Diagnosis and Prognosis—Perineural invasion can be diagnosed clinically, radiologically, or microscopically. On clinical examination, PNI is suggested by findings of neuropathy most frequently in cranial nerves V and/or VII, likely due to their extensive subcutaneous distribution.11 Common symptoms include pain, loss of motor skills, anesthesia, dysesthesia, and/or paresthesia (ie, tingling, burning, pricking, numbness).12,13 In a study of 72 cases, Goepfert et al14 found that only 40% (29/72) of patients with pathologically confirmed PNI presented with clinical symptoms and these patients had a poorer prognosis.

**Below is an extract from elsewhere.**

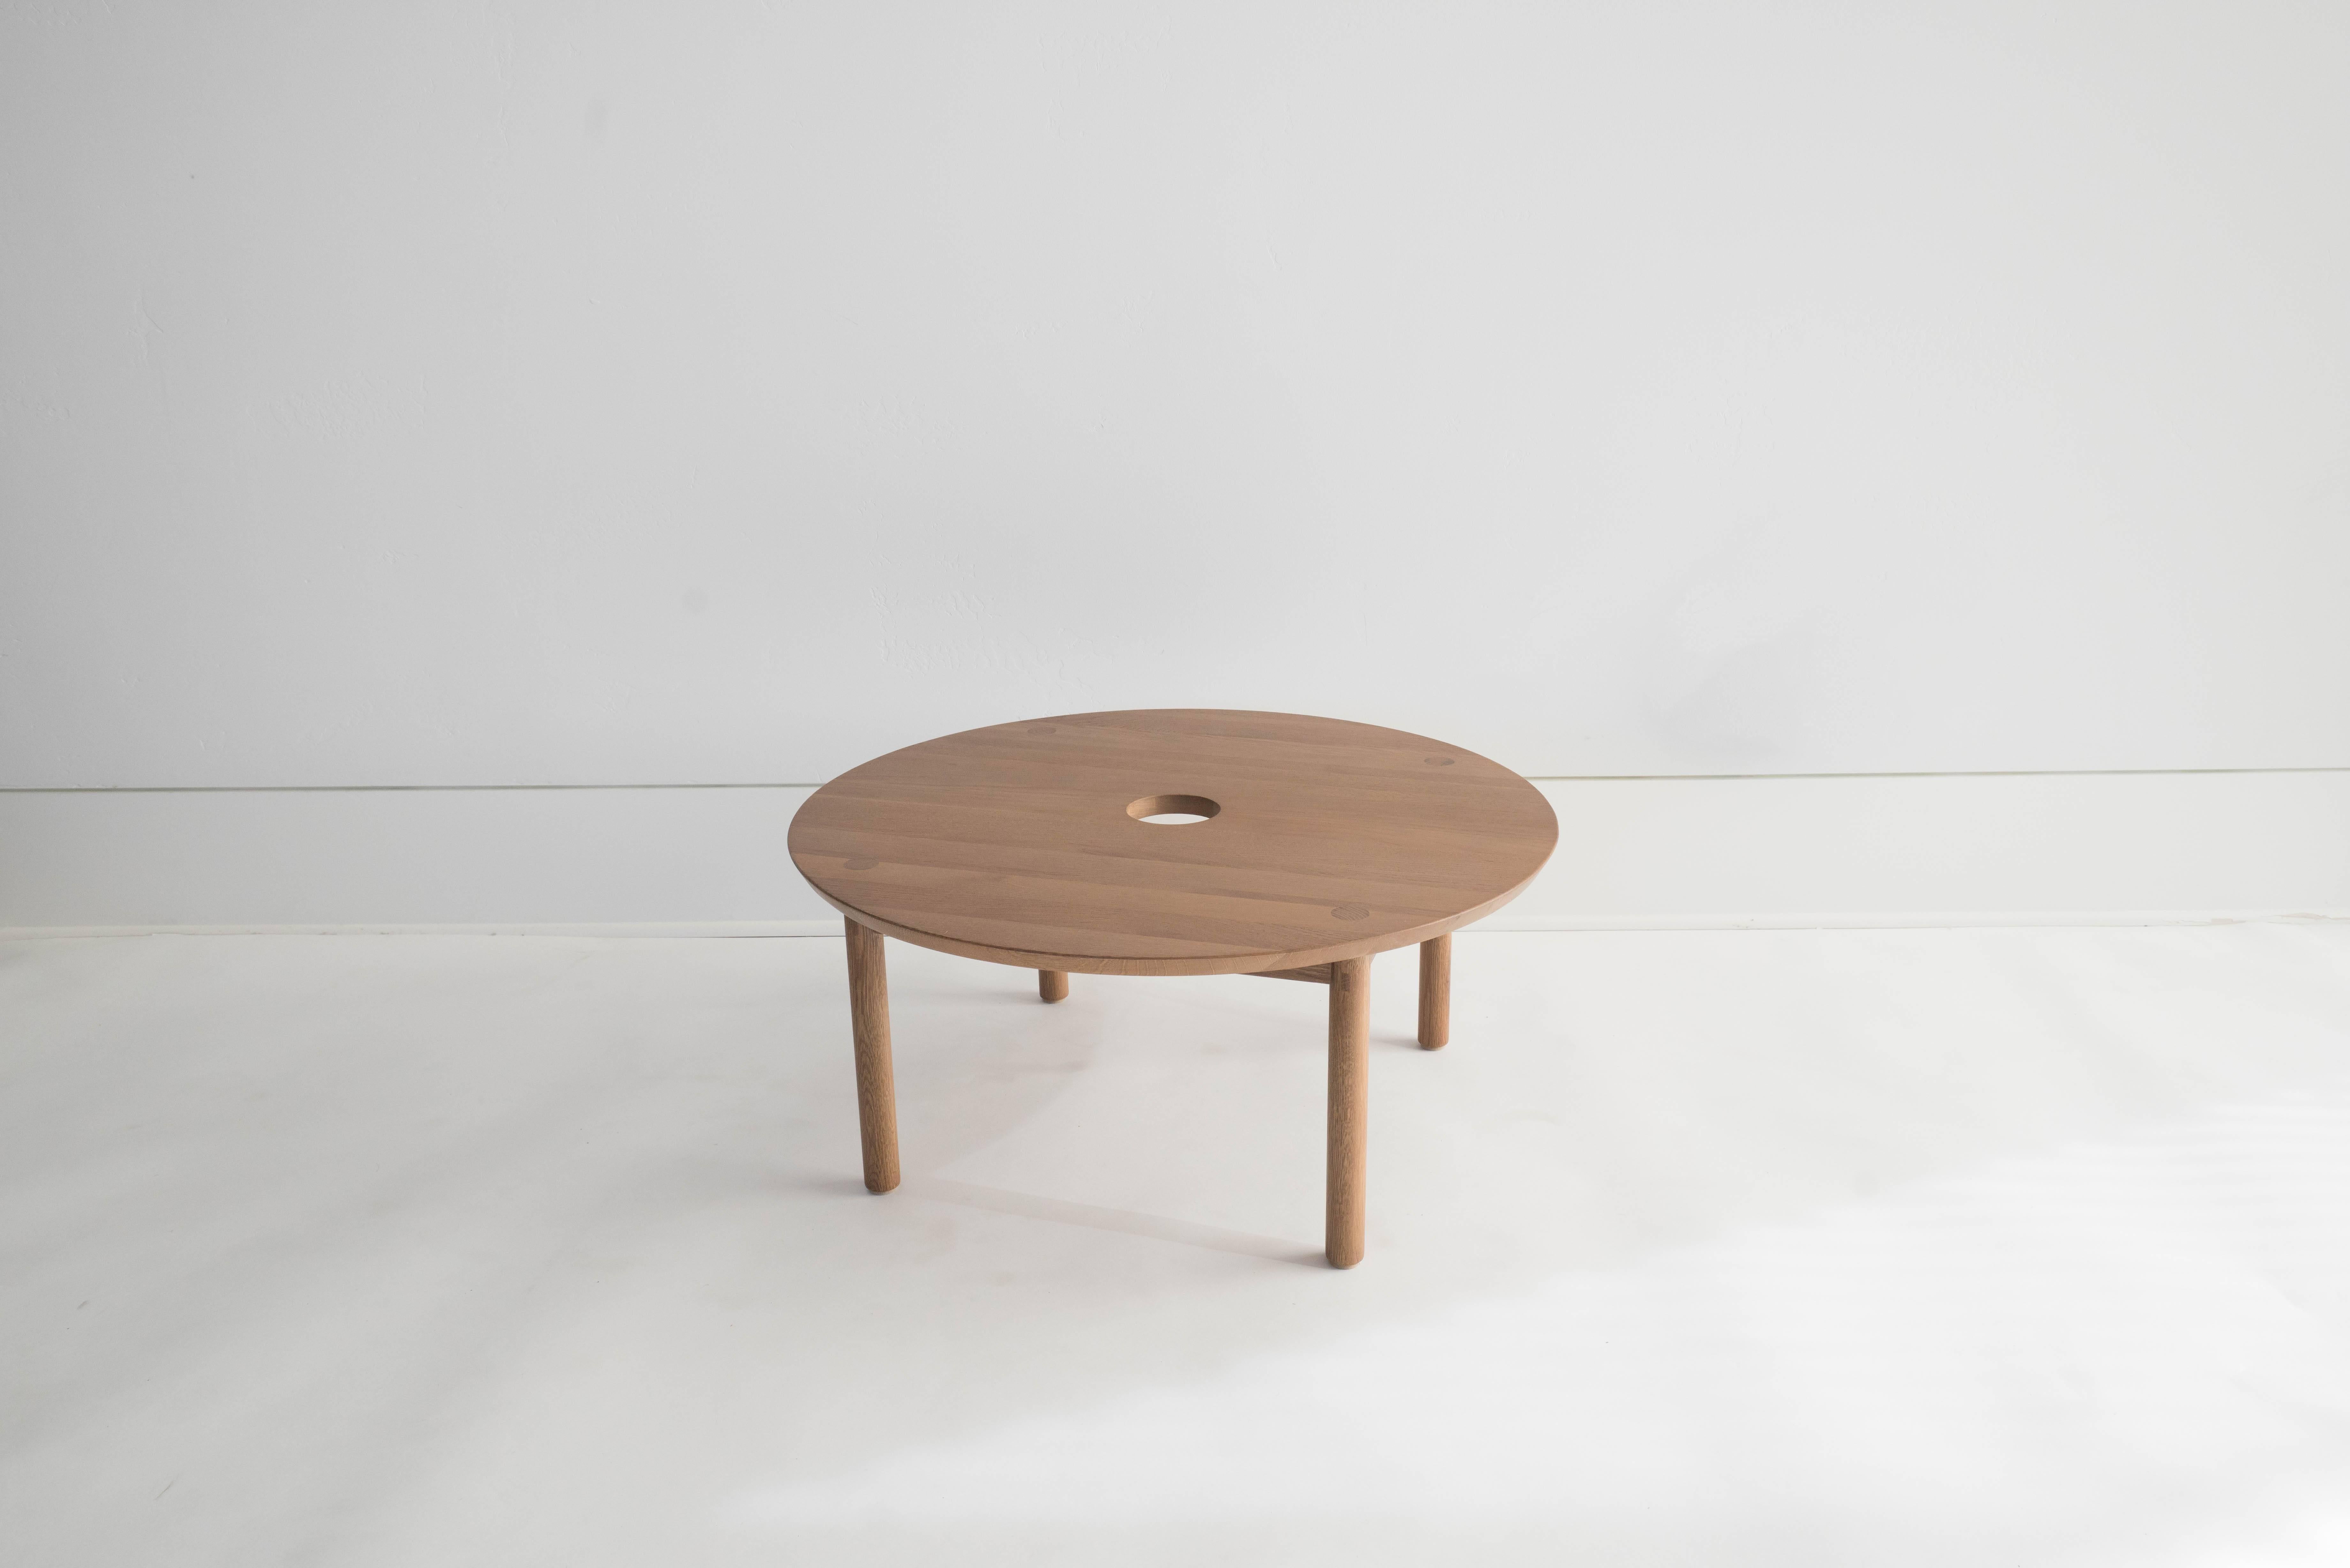 Sun at Six est un studio de conception de mobilier contemporain qui travaille avec des maîtres menuisiers chinois traditionnels pour fabriquer ses pièces à la main en utilisant la menuiserie traditionnelle. Notre table basse ronde classique. Nous

Radiologically, PNI can be identified via computed tomography or magnetic resonance imaging through findings of enlargement or abnormal enhancement of the nerve, obliteration of the normal fat plane surrounding the nerve, or erosion or enlargement of its related foramen.15 Magnetic resonance imaging is the preferred method for assessing enhancement of the nerve, while computed tomography is preferred to assess involvement of bone.16,17 Microscopically, there is some debate as to what defines PNI. Suggested findings include the presence of cells inside the epineurium, involvement of nerves outside the main bulk of the tumor, or presence of tumor cells surrounding a nerve.18

These definitions have prognostic significance. Mendenhall et al16 found that patients with radiologic evidence of PNI without clinical symptoms had a higher cure rate using surgery and postoperative irradiation compared to patients with clinical symptoms (80% vs 45%). Although prognosis generally is good in patients with cutaneous SCC without PNI, prognosis is notably poorer when PNI is present due to the association of this finding with increased tumor recurrence and both local and distant metastasis.13 Most frequently, cutaneous SCC with PNI spreads proximally, which can lead to invasion into the base of the brain, but also can extend distally, leading to increased local burden.12,19 In a study of 64 patients with mucosal SCC, Soo et al20 found that patients with lesions that exhibited PNI had a 5-year survival of 16% versus 44% in those without PNI. In their study of SCC of the head and neck, Goepfert et al14 reported that 46% (33/72) of patients with PNI had died or were alive with recurrence at 2 years’ follow-up versus 9.1% (41/448) of patients without PNI. In a systematic review of outcomes, Jambusaria-Pahlajani et al21 reported a disease-specific death rate of 16% for cutaneous SCC with PNI compared to 4% for SCC without PNI.